Tale interpretazione, inoltre, appare in linea anche con la giurisprudenza e la prassi applicativa sviluppatasi nell’ambito della previgente disciplina della pubblicità ingannevole, che riconosce nel vantaggio diretto proveniente da un’iniziativa promozionale un elemento idoneo alla qualificazione di operatore pubblicitario (cfr., da ultimo, TAR Lazio, sez. I^, n. 8334/2008).

Pare inoltre al Collegio che, diversamente da quanto ritenuto da Telecom in ordine alla necessità di una interpretazione restrittiva delle “categorie” contemplate dal Codice del Consumo, esso comporti, al contrario, un raggio di tutela ben più ampio da quello consentito dal precedente quadro normativo in materia di contrasto alla pubblicità ingannevole, avendo riguardo a tutte “le pratiche commerciali il cui intento diretto è quello di influenzare le decisioni di natura commerciale dei consumatori relative a prodotti” (considerando n. 7 della direttiva 2005/29/CE).

Il nuovo quadro di tutela offerta dal Codice del Consumo, viene infatti ad aggiungersi, da un lato, ai normali strumenti di tutela contrattuale, dall’altro, a quelli derivanti dall’esistenza di specifiche discipline in settori oggetto di regolazione (cfr., al riguardo, l’art. 19 del Codice).

Le norme in materia di contrasto alle pratiche commerciali sleali richiedono ai “professionisti” l’adozione di modelli di comportamento in parte desumibili da siffatte norme, ove esistenti, in parte dall’esperienza propria del settore di attività, nonché dalla finalità di tutela perseguita dal Codice, purché, ovviamente, siffatte condotte siano loro concretamente esigibili in un quadro di bilanciamento, secondo il principio di proporzionalità, tra l’esigenza di libera circolazione delle merci e dei servizi e il diritto del consumatore a determinarsi consapevolmente in un mercato concorrenziale (in tal senso, opera soprattutto il modello, di derivazione comunitaria, del c.d. consumatore medio).
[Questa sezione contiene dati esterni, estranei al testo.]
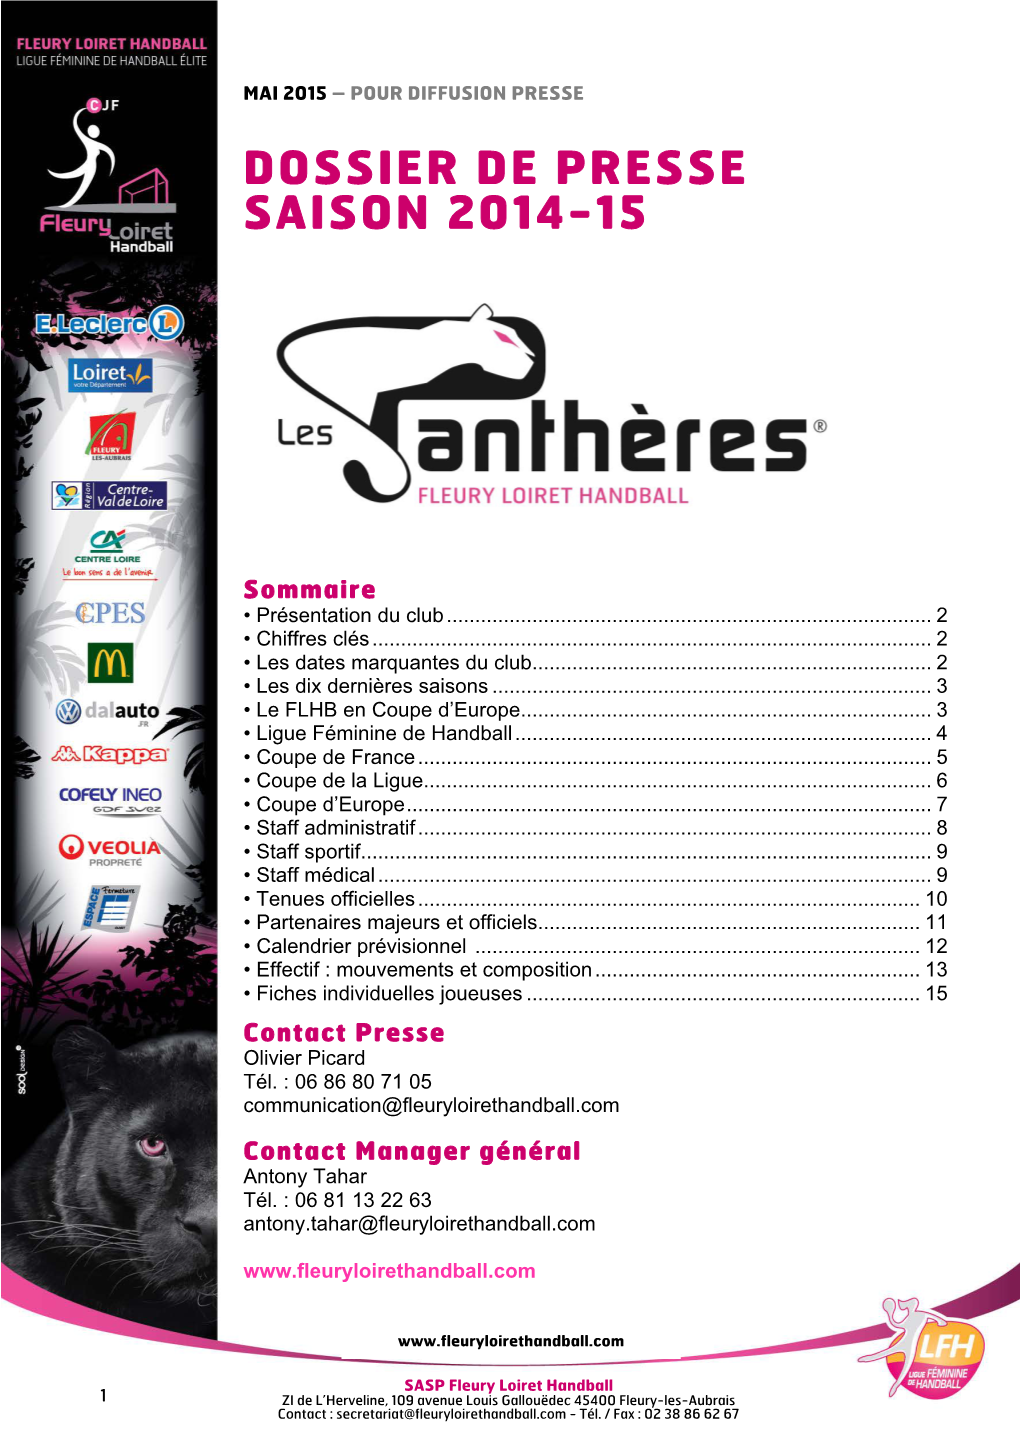 Dossier De Presse Saison 2014-15

E’ possibile configurare, al riguardo, una “posizione di garanzia” o “dovere di protezione”, con ciò volendo significare non già l’esistenza di una forma di responsabilità oggettiva, quanto di uno standard di diligenza particolarmente elevato, non riconducibile ai soli canoni civilistici di valutazione della condotta ed esteso ad una fase ben antecedente rispetto all’eventuale conclusione del contratto (tra le pratiche commerciali oggetto di disciplina figura infatti “qualsiasi azione, omissione, condotta o dichiarazione, comunicazione commerciale ivi compresa la pubblicità e la commercializzazione del prodotto, posta in essere da un professionista, in relazione alla promozione, vendita o fornitura di un prodotto ai consumatori”, art. 18, comma 1, lett. d.).

E, in definitiva, indubbio che il recepimento nell’ordinamento interno della la direttiva comunitaria 2005/29/CE, abbia rafforzato il ruolo dell’Autorità nella tutela amministrativa del consumatore, rendendola ben più incisiva e ampia di quella prevista in precedenza e limitata alla repressione della pubblicità ingannevole e comparativa. Per tale ragione, del resto, il d.lgs. n. 146/2007, ha, contestualmente, rafforzato i poteri dell’Autorità, allineandoli a quelli tipici dell’azione amministrativa a tutela della concorrenza e rendendo altresì più severe le misure sanzionatorie.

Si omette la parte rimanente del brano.